TASK INSTRUCTIONS
This calls for a verbatim copy of all the data, with no images carried over.

INFORMATION SUPPLIED
--- START ---
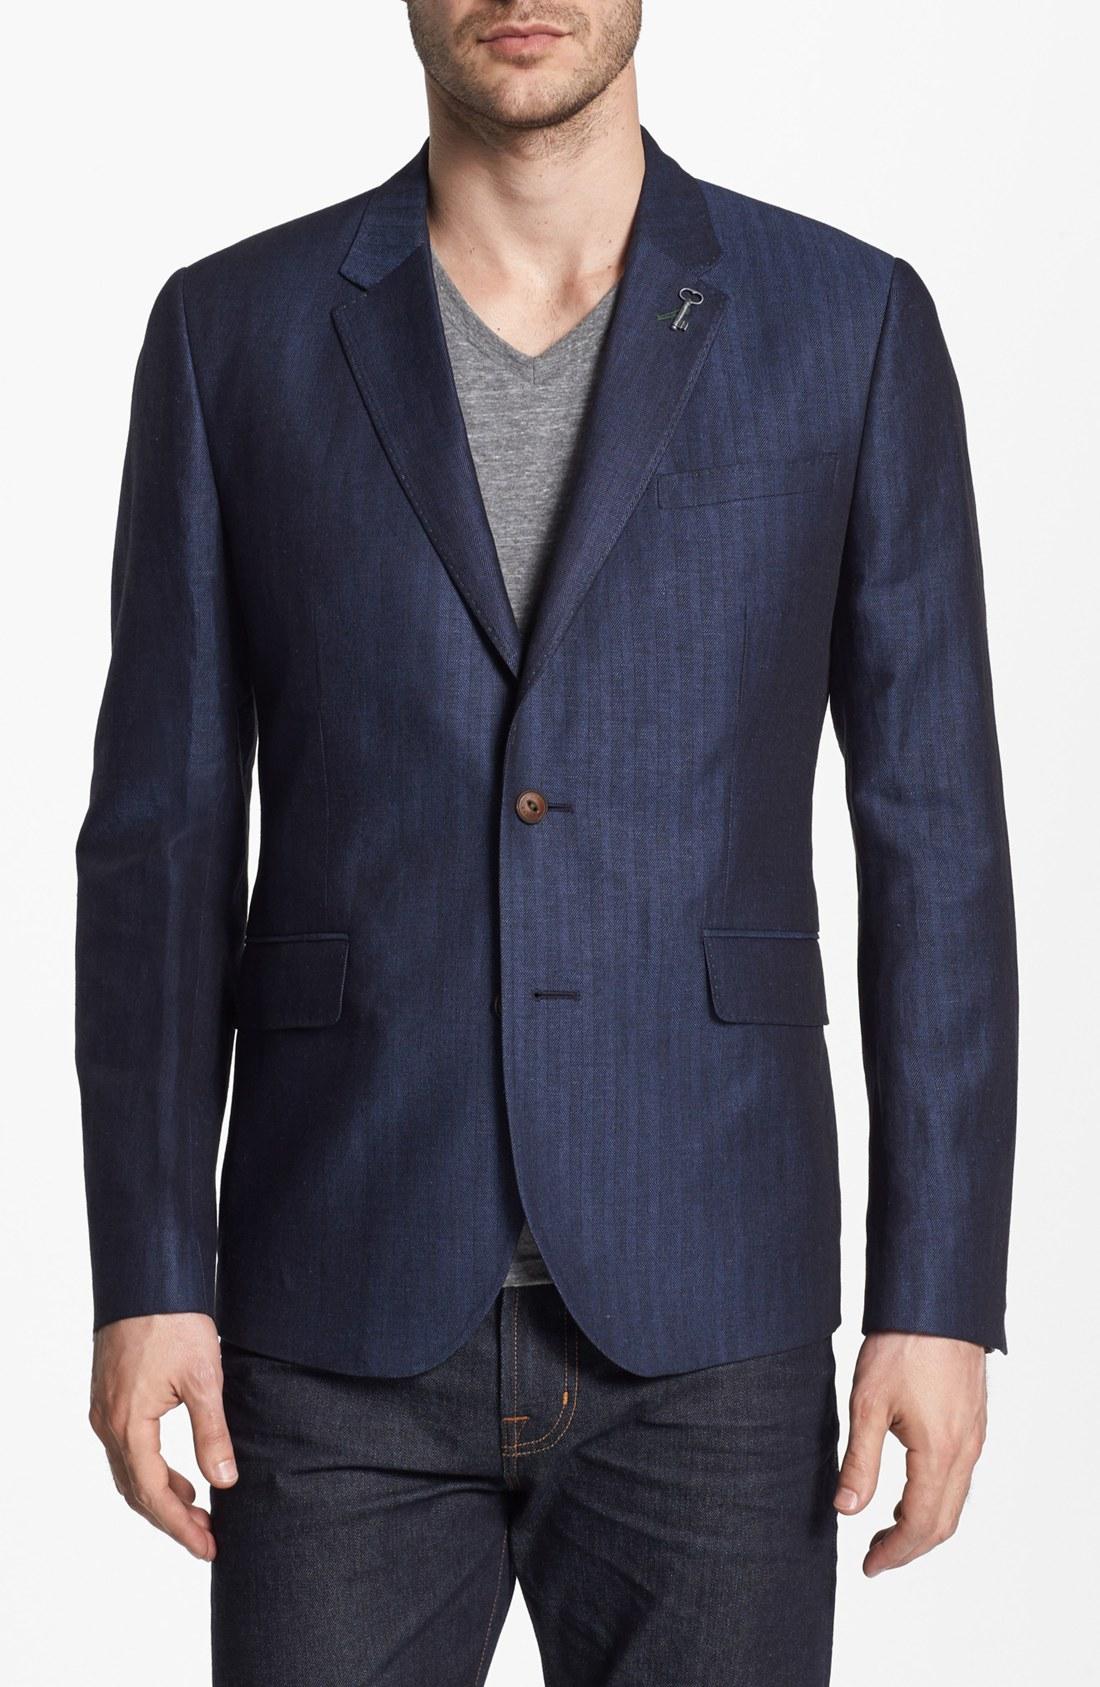 Linen fashion for men 49
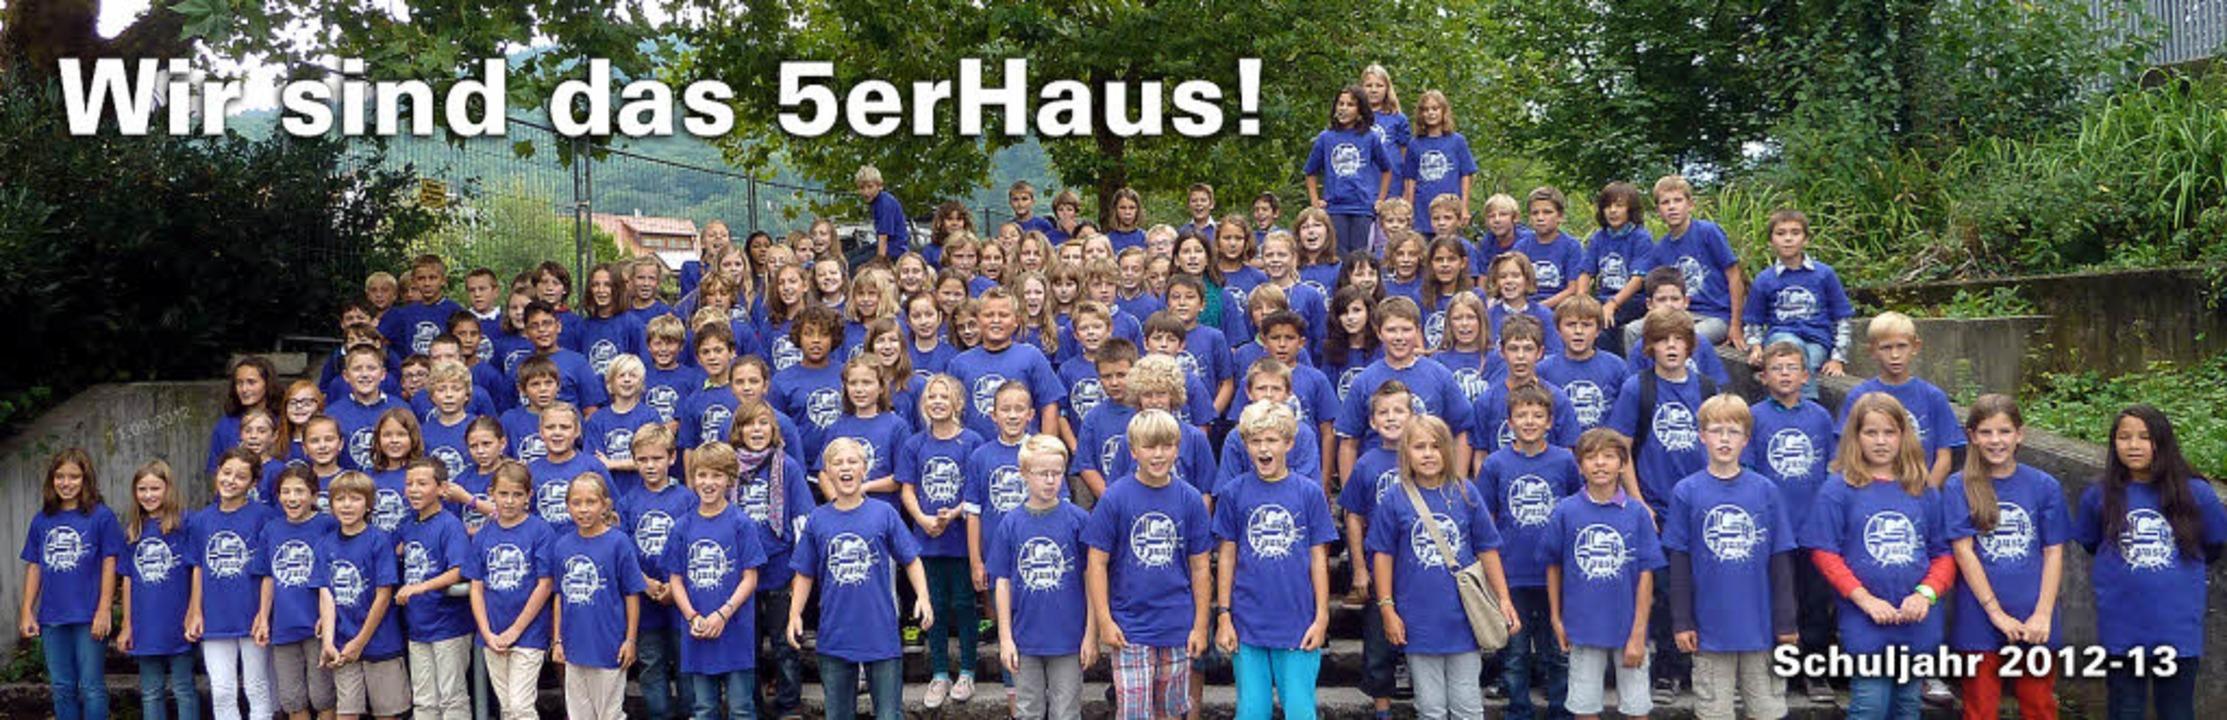 Sie alle profitieren von den Betreuungskonzepten am Faust-Gymnasium.    Foto: Privat
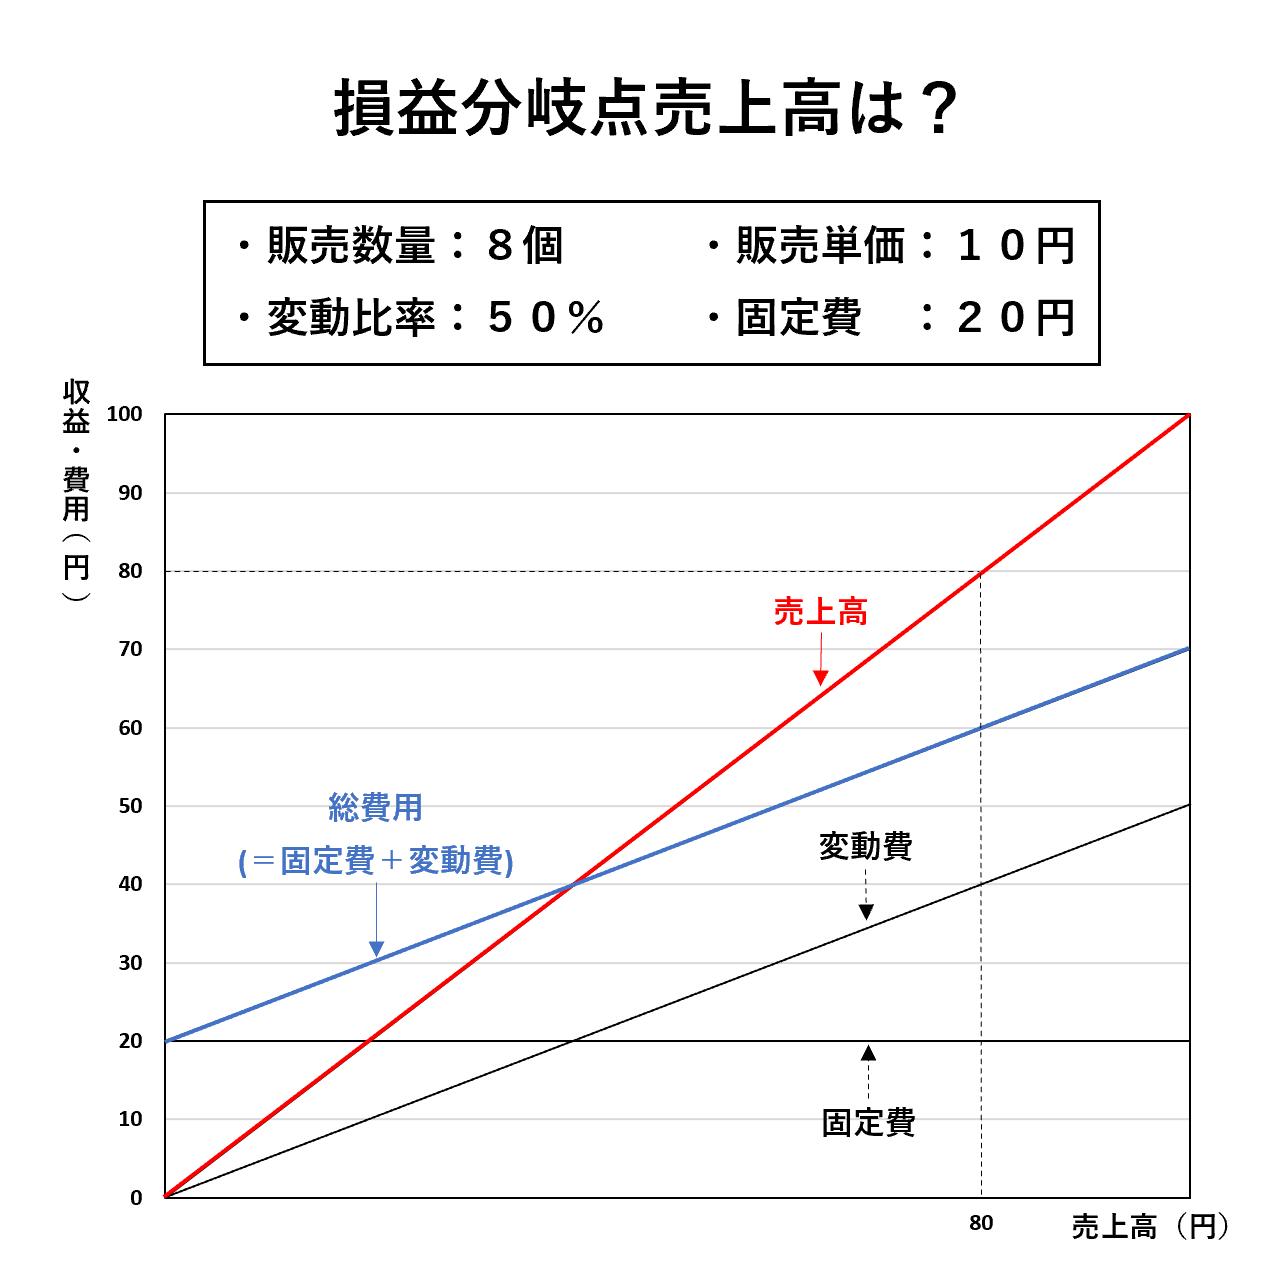 損益分岐点分析(ビジネス会計検定2級):損益分岐点売上高ー問題
--- END ---
ANSWER SECTION
 Linen fashion for men 49
 Sie alle profitieren von den Betreuungskonzepten am Faust-Gymnasium.    Foto: Privat
 損益分岐点分析(ビジネス会計検定2級):損益分岐点売上高ー問題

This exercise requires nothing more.